We pulled back into the parking lot at the field, and all went sprinting toward our coach to tell him what had just happened. He said that we were the worst liars in the world, not thinking that the story was true. Our bus driver came up and then told our coach that it was an honest to God true story. Coach Donsbauch then just about died laughing, thinking it was the funniest story ever. After he regained himself, he told us to go warm up, again.

I now knew that I had to get serious, considering that we were playing the eighth ranked team in the state. I knew it was going to be the toughest game I have ever pitched. Before I knew it, it was 1:00. Game time. We were the away team, which meant that we were the first ones on the field, so I trotted out to the mound, picked up the ball, and threw my seven pre-inning pitches to warm my arm back up. After I was done, the game officially started, and the first batter stepped into the box. My heart has never beat so fast in my life. Having everybody in the stands watching me and my coach staring me down, I knew that I could not mess up. I started my wind up, and before I knew it, the inning was over. I had not given up a single hit, run, or walk. I kept going back out there whenever we were done batting and kept pitching like I had the entire season. Before I knew it, it was the fifth inning, and wouldn’t you know it, it started to rain, again. The game wound up getting postponed, again, until the next day: Sunday.

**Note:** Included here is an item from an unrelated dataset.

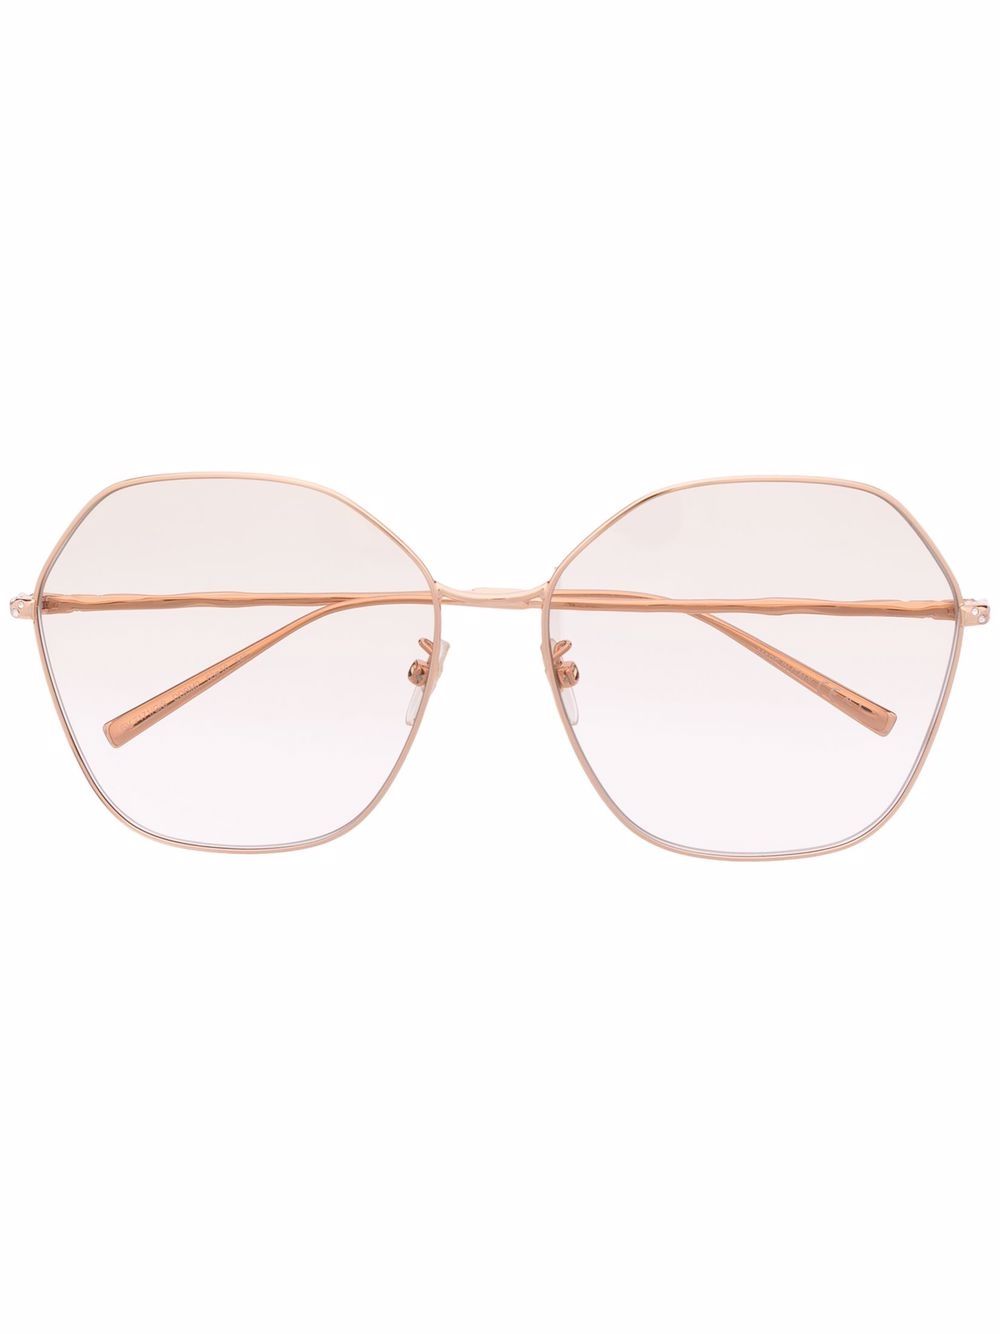 фото Givenchy eyewear солнцезащитные очки в массивной оправе

We drove home, again, and our coach told us what time to be at the school, again. The next morning I woke up and went to the school. My arm was kind of sore from pitching the previous day, but my coach told me that I was finishing the game. I was excited and nervous at the same time. I was excited because I wanted to finish what I had started, and I wanted to get the win but nervous because I wasn’t sure how I was going to pitch that day, considering my arm was sore. We arrived at the field and warmed up just as we had the other two days, and the game started again. The seventh inning rolled around, and at this time the score was 10-3; and we were winning. All I had to do was get three more outs, and we were going to be the sectional champs.

The first batter stepped up to the plate and popped out to center field, and the second kid grounded out to first base. At this time our fans were going crazy, knowing that we needed just one more out to win. The third batter of the inning stepped into the box, and I started my wind up. Strike one. The catcher threw the ball back to me, and I started my wind up again, although this time the batter hit the ball in between the first and second baseman. The first baseman went after the ball, so I had to cover the bag. I started sprinting over to the bag, and I looked up and saw the first baseman bobble the ball. I thought, ‘Oh no, I am going to have to pitch to another batter.’ The first baseman tried picking up the ball again, and this time he managed to pick it up. He threw it over to me; I caught it and stepped on the bag at the exact same time the runner stepped on the bag. Not knowing if he was out or safe, I looked over at the umpire and saw him hold up his fist and yell, “Out!” Everyone on the field sprinted toward me, and we jumped and hollered and cheered. We could not believe that we had just beaten the eighth ranked team in the state to become sectional champions.